Purpose: Spontaneous celiac artery dissection (CeAD) is a rare cause of acute abdominal pain. This study examined computed tomography (CT) scan findings, natural course, and outcomes of spontaneous CeAD.

Methods: Sixty patients who underwent CT scan and were diagnosed with CeAD between April 2003 and June 2023 were retrospectively reviewed. Patients with aortic dissection (n = 25), iatrogenic CeAD (n = 6), traumatic CeAD (n = 1), and celiac artery (CeA) aneurysm (n = 4) and those undergoing noncontrast-enhanced CT scans (n = 1) were excluded. The remaining 23 consecutive patients were divided into the acute symptomatic and chronic asymptomatic CeAD groups. Correlations between CT classification, treatment, and outcomes were investigated.

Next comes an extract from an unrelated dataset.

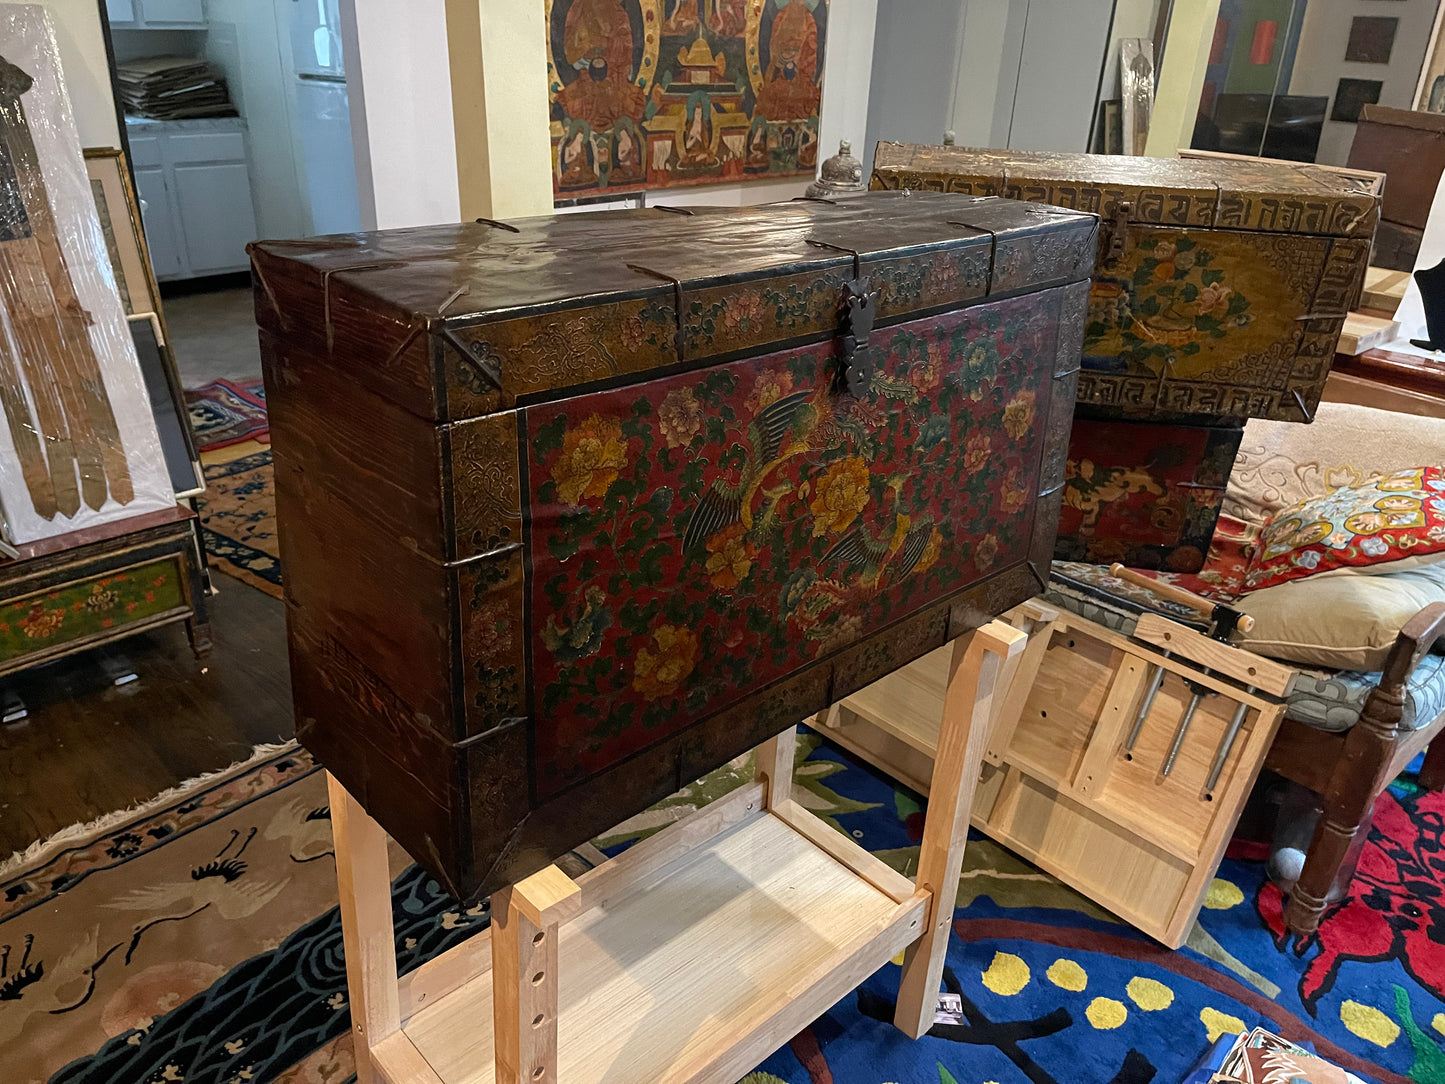 An antique Tibetan wooden chest
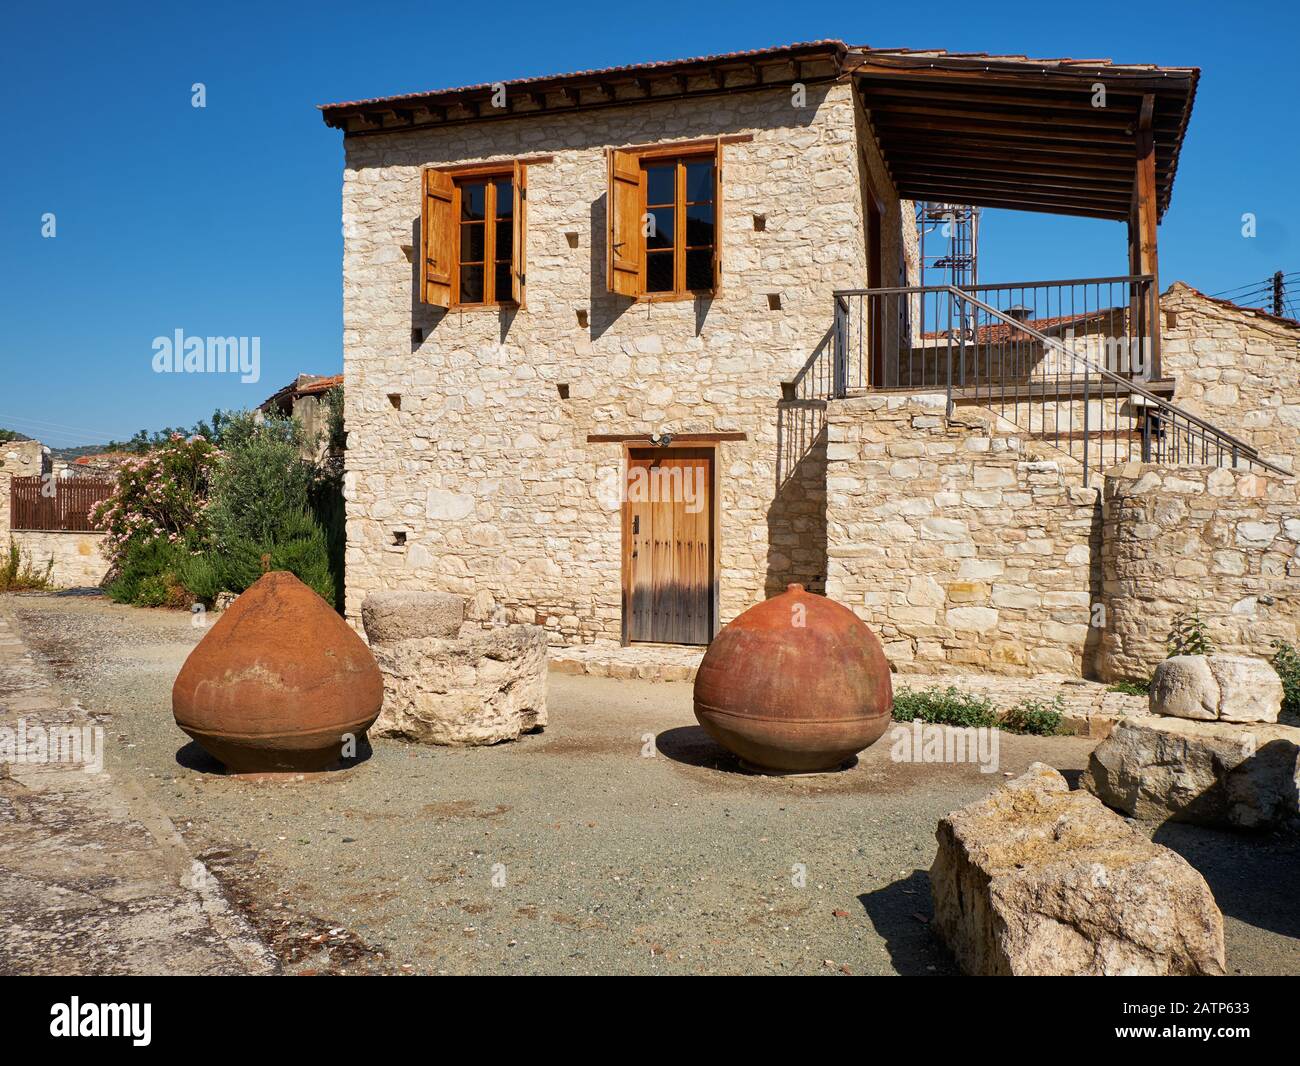 Tradizionale casa in pietra con anfore di vino di terracotta rovesciato nel cortile. Lania villaggio. Limassol. Cipro Foto Stock

Results: Eighteen (78.2%) patients had hypertension requiring treatment. Of 23 patients, 18 were asymptomatic, and five had CeAD-related abdominal pain requiring hospitalization. Two had intraperitoneal bleeding. All hospitalized patients initially received conservative treatment. Upon the initial diagnosis, the mean CeA maximum outer diameter was 11.0 mm (range: 7-16). Ten (43.5%) patients had stenosis at the CeA origin. Based on CT findings from initial diagnosis to final follow-up, the outer diameter remained stable. CT showed that chronic CeAD was mostly Kim classification type IA or IB. In symptomatic patients, the dissection length on initial CT significantly decreased by final CT. No follow-up symptoms were related to CeAD, and the condition remained stable. No patients required vascular repair or surgery, and there were no deaths.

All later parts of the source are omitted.